— Records shown —

○ ○ ○ ○

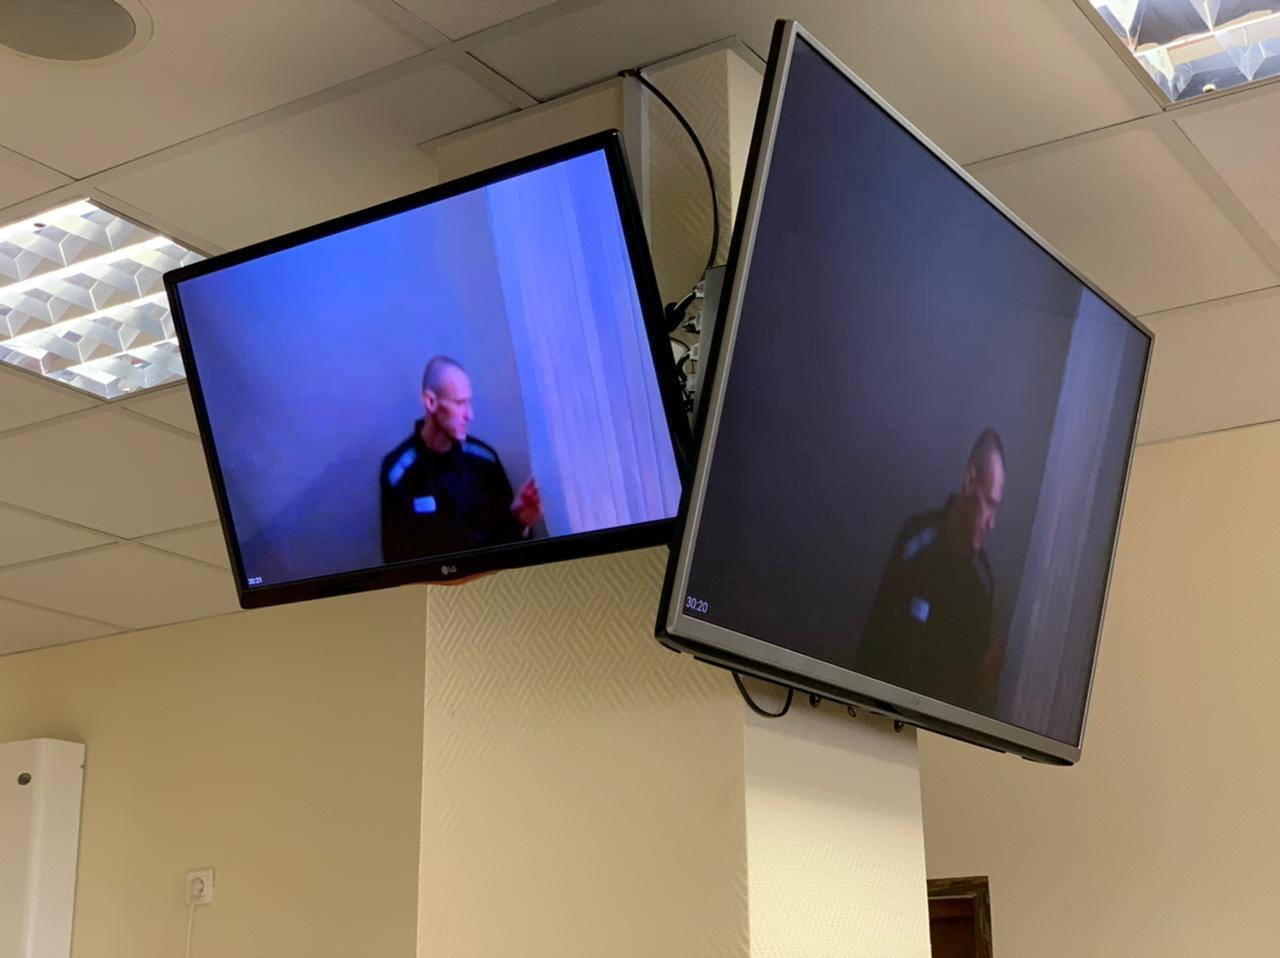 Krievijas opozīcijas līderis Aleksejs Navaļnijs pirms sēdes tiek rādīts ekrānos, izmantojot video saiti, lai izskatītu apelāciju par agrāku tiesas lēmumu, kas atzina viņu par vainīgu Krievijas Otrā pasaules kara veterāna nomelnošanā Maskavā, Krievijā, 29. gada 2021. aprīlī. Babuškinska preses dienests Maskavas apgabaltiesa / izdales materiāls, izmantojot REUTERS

○ ○ ○ ○

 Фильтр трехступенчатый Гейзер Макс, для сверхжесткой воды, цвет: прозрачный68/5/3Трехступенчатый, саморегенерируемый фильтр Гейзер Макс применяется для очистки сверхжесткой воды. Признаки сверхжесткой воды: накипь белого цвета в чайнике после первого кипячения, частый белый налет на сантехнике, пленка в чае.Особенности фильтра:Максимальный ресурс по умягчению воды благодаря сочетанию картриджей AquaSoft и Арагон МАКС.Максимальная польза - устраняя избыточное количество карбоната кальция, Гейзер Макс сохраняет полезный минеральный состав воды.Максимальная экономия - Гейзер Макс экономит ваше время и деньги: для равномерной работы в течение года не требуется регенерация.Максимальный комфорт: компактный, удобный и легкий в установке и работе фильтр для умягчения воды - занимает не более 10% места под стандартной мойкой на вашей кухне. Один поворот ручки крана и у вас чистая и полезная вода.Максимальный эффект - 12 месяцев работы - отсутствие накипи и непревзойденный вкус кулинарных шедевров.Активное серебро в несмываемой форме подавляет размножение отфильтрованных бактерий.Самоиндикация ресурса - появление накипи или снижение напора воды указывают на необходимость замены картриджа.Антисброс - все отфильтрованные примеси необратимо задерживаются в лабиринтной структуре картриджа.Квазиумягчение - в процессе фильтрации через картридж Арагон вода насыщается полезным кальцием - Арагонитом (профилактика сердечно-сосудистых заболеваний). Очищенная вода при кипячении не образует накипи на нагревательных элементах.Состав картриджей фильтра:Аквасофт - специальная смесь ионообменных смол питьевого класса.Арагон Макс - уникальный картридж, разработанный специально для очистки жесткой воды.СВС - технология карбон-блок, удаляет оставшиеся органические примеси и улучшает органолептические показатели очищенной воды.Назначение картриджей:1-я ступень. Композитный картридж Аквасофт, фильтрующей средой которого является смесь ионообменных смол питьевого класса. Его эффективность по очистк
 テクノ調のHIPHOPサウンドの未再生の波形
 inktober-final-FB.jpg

○ ○ ○ ○

Could you write out, exactly as they stand, only the lines above that begin at the line with "テクノ調のHIPHOPサウンドの未再生の波形" and stop after the line with "inktober-final-FB.jpg"?

 テクノ調のHIPHOPサウンドの未再生の波形
 inktober-final-FB.jpg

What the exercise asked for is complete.